Yvanna não respondeu. Olhou para os olhos esmeraldinos da elfa e viu um brilho familiar neles. O brilho que muitas vezes antes vira brilhar naqueles olhos. O motivo pelo qual Rinlia era militar e continuava lutando mesmo quando ninguém mais exigiria isso dela.

-Então nós teremos um longo caminho de descobertas, não é, comandante?

-Sim.
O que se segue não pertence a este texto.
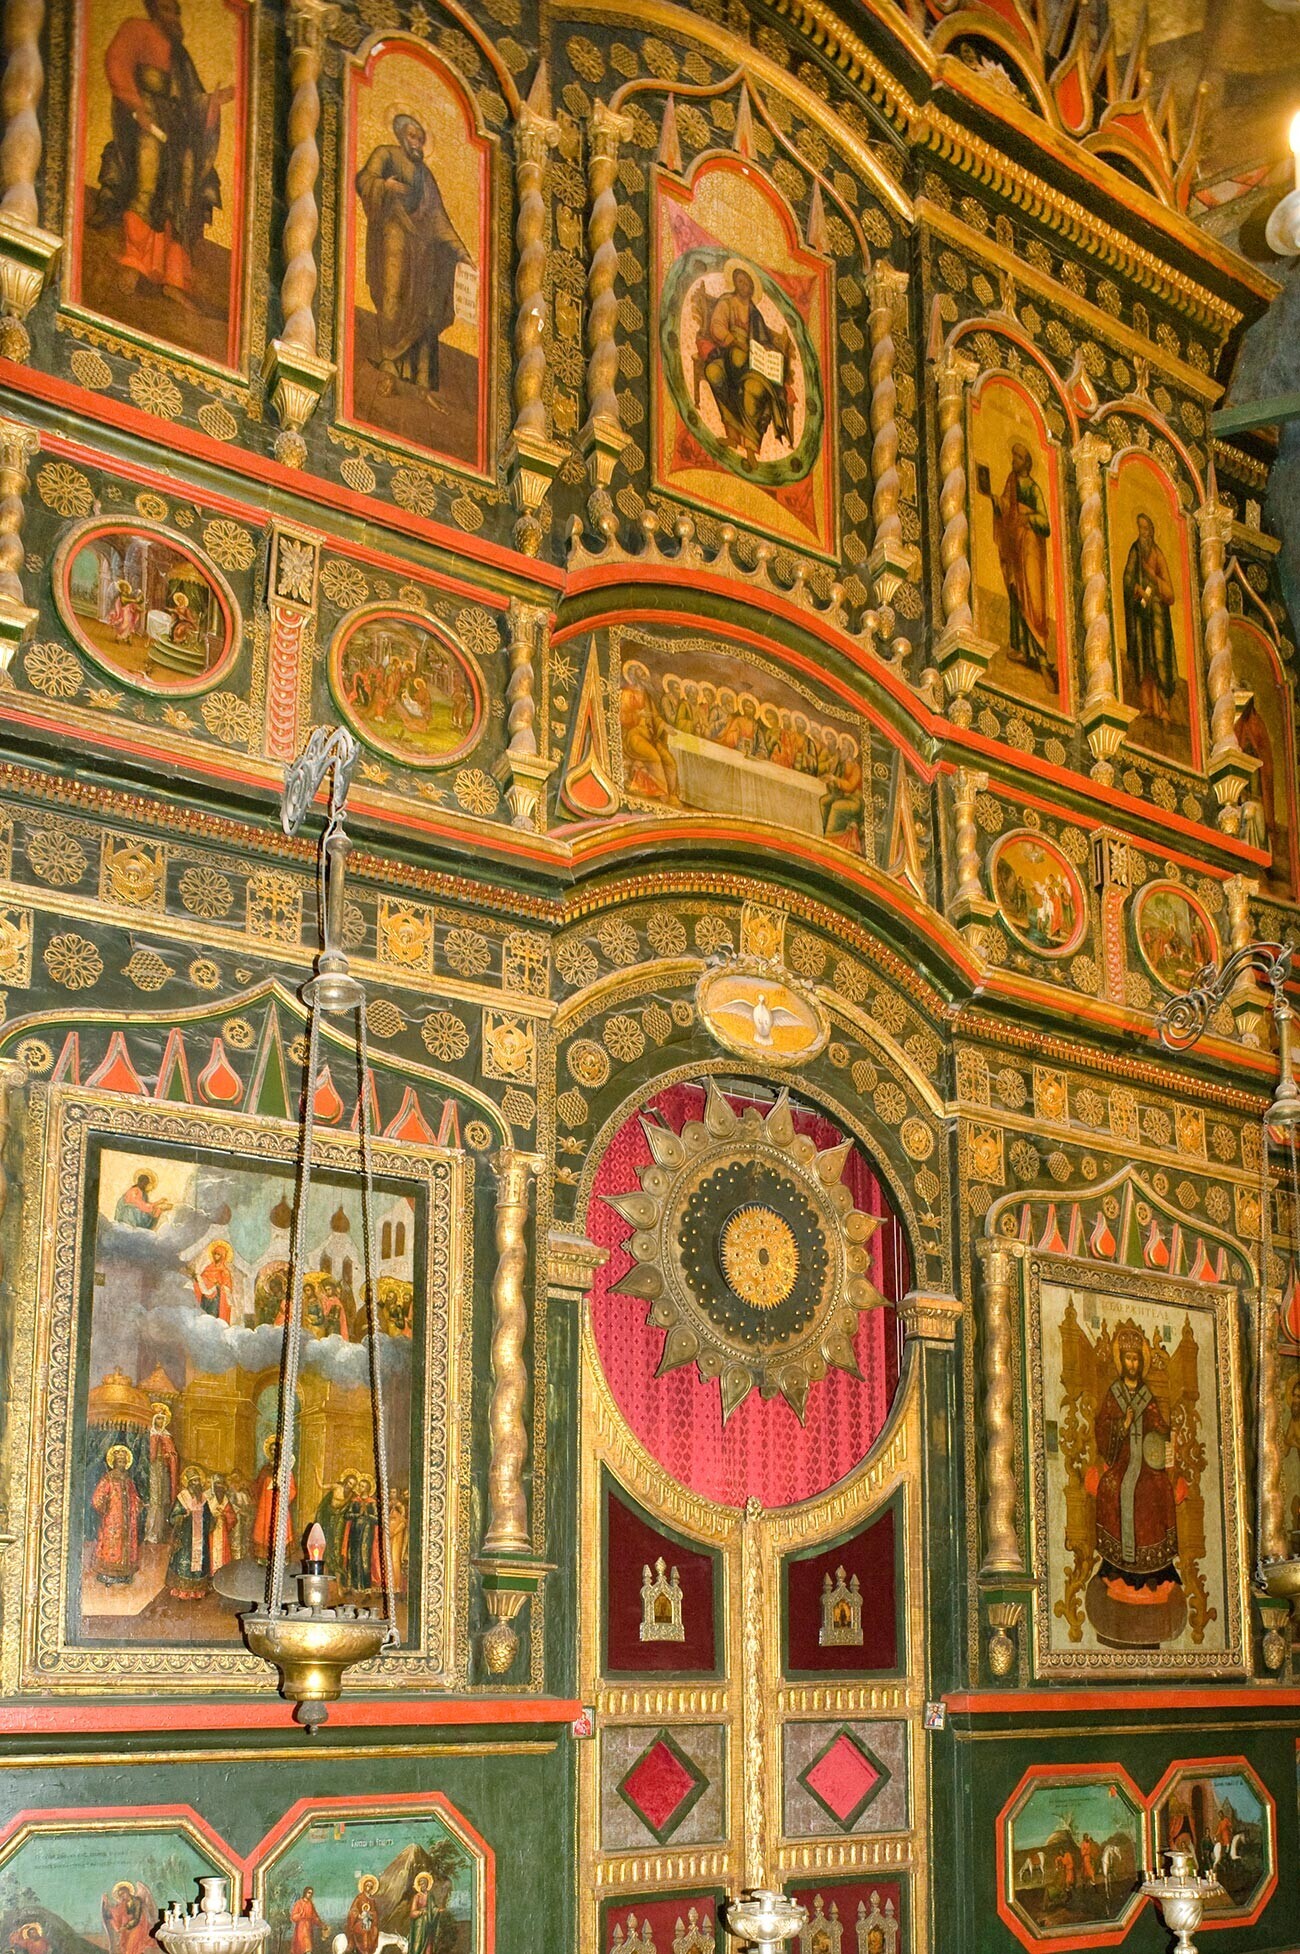 Katedrala Vasilija Blaženega. Pokrovska cerkev, severni portal. 2. junij 2012

Existe muito que nós precisamos entender. Porque ele é diferente? Porque a magia dele enfureceu as criaturas? Seria o instinto delas, que ele despertou durante a tempestade? O que os incorpóreos são capazes de fazer quando ele está por perto?

-Então esse foi seu plano desde o início. Levá-lo conosco.

-E o que você pensou que seria? - A elfa suspira, exausta pela viagem. Seu corpo, enfim, pede as contas pela quantidade de magia que utilizara em todo o percurso. Ela sente-se prestes a desmaiar a qualquer momento.

-Eu pensava que o entregaríamos a Vivre. Achei que você não queria matá-lo na estrada porque queria que investigassem algo aqui.

-De maneira alguma. O que eu quero é entregar esse garoto para Armenvald ou algum outro especialista em magia de Fiandel. Escute uma coisa, Yvanna: - Rinlia se inclina na cadeira. - Esse garoto pode ser a chave para acabar com os incorpóreos, na pior das hipóteses.

-E na melhor?

-Ele pode nos dar a chance de usar a magia dos incorpóreos ao nosso favor.

-Como você pode ter certeza disso? Como sabe que sequer vamos conseguir levá-lo o caminho todo de volta?

A elfa fez um sinal negativo.

-Você está falando de duas situações completamente diferentes. Eu posso muito bem ter certeza do que ele pode oferecer sem saber se vou conseguir levá-lo até nosso reino.

-A pergunta prevalece: Você acha que conseguimos levá-lo de volta?

A elfa balança a cabeça.

-Se alguém pode fazer isso, somos nós.